French borrowing costs have surged past Greece with rising concerns from investors who are now favouring US assets instead.
Political instability and rising debts have caused borrowing costs in France to rapidly soar. Five-year borrowing costs have reached 2.7%, surpassing Greece at 2.5%. This is a drastic contrast to last year where Paris’s borrowing costs were significantly below Athens.
The French stock market has also taken a hit, with the benchmark stock CAC 40 index plunging by 1.2% on Wednesday. Being one of the most signalling and important stocks in the country, it has raised concerns with investors.
The rising borrowing costs are putting a major strain on France’s wider finances with National Debt projected to rise from just over 110% of GDP last year to 113% next year.
Uncertainty across the political landscape has run high over the past year, with friction over the budget next month.
France’s Prime Minister Michel Barnier is trying to raise taxes by some €60 billion, as well as placing a restraint on spending with the hope that the borrowing rate will be reduced to 5% of GDP in 2025.
However, Marine Le Pen’s National Rally party is threatening to bring down the government with major disputes over the budget.
Mr Barnier’s government is extremely vulnerable to a rebellion due to its minority following a snap election earlier this year. With this in mind, the prime minister has plans to use a certain provision in the French constitution which allows him to pass the budget without a parliamentary vote. Yet, this runs the risk of a vote of no confidence, toppling the government completely.

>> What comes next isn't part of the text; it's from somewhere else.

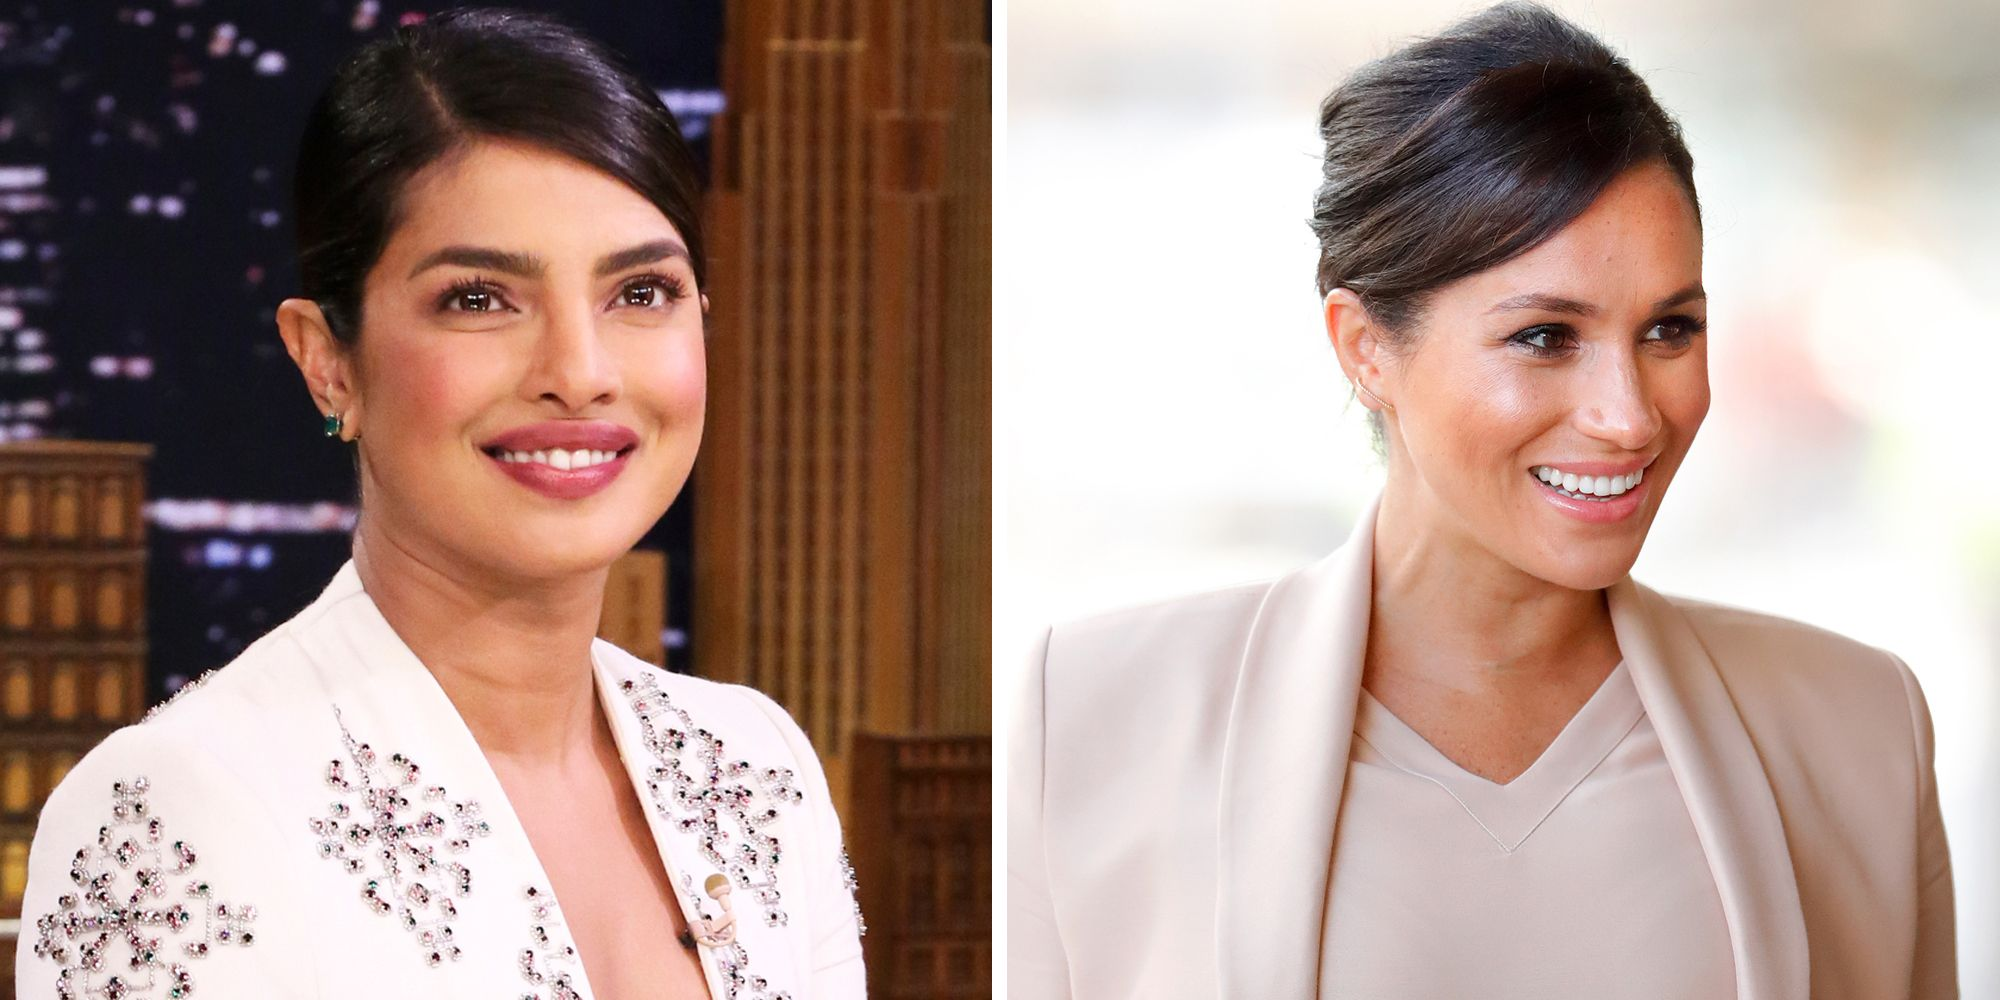 How Priyanka Chopra Responded to Meghan Markle Fighting Rumors

This in turn is leaving fear among investors of a potential administration collapse, garnering further political uncertainty with US assets becoming more in demand.
At the same time, there is wider global worry over President-elect Donald Trump’s threat of increasing tariffs on Europe.
“Europe is expected to be one of the main losers of ‘America first’ policies, and unsurprisingly we’ve seen outflows from the region tick back up since the election. Most investors seem willing to allocate their next investment dollar to the US over Europe for the foreseeable future,” a Barclays analyst said.